On The Call: IBM CFO Mark Loughridge on whether business spending on technology is recovering

By AP
Thursday, October 15, 2009

On The Call: IBM CFO on business spending

SAN FRANCISCO — IBM Corp.’s latest quarterly results pull in two directions at once. Sales were down 7 percent as corporate technology spending remained weak, but net income was up 14 percent, mostly the result of IBM’s ability to wring more profit from its services and software divisions.

A question hanging over the Armonk, N.Y.-based company has been when it believes business spending on technology might recover. Rival consulting firm Accenture has hesitated to predict a full recovery in business spending. And Intel Corp., the world’s No. 1 computer microprocessor maker, warned this week corporate spending would likely remain weak until 2010.

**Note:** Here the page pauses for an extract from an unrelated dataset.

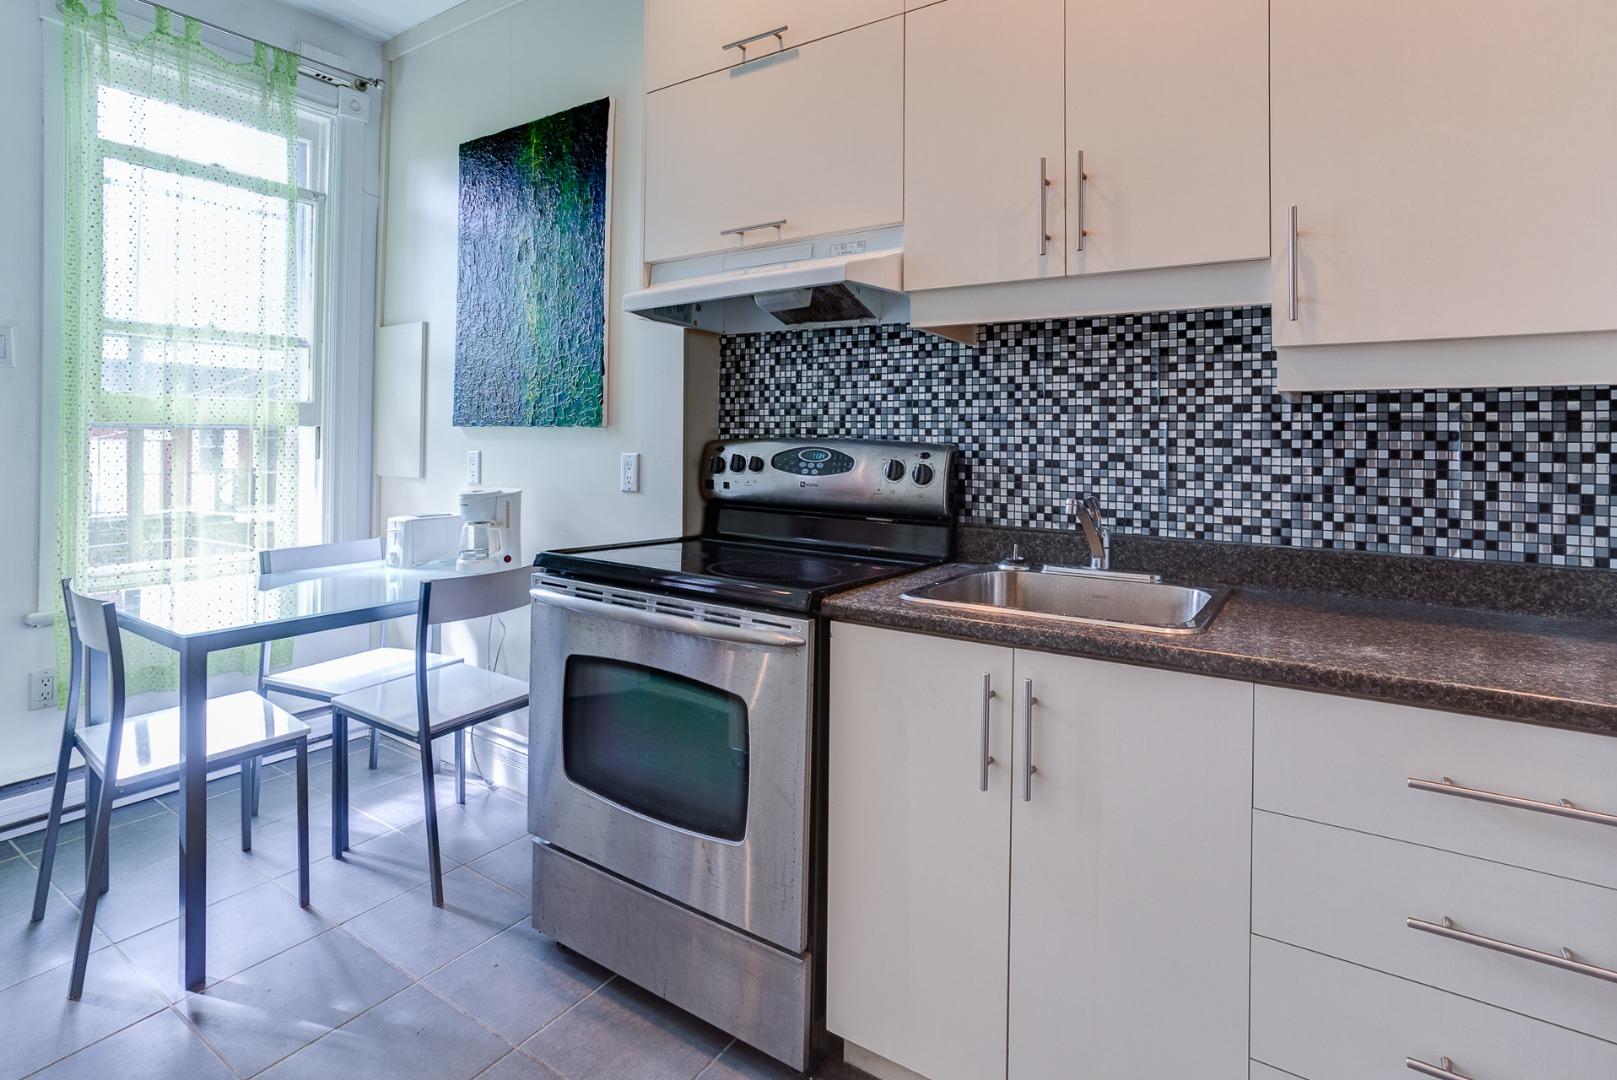 Condo à vendre Montréal Le Plateau Mont-Royal / Mile-end - Cuisine

In a conference call with analysts following IBM’s third-quarter report, IBM’s chief financial officer, Mark Loughridge, is asked about spending trends the company is seeing.

QUESTION: Do you really believe corporate technology spending is improving at all?

ANSWER (Mark Loughridge, IBM chief financial officer): “I think the results that we are seeing are more indicative of the strength of IBM’s offerings and our ability to drive value in our offerings to our client base. So I wouldn’t make a comment on technology spending. What we see more broadly, I think, is some stabilization in the economic environment. And one of the key indicators I think of that stabilization, which I think you would agree with, is credit markets have certainly improved on a year-to-year basis. You remember last time at this point in time, we were talking about, questions like, “Well, do you have commercial paper?” or “Do you have a financing business?” We are certainly through those kinds of questions. With that improvement in credit markets, I believe the environment has stabilized. But I do think we had some very good offerings driving performance in the third quarter.”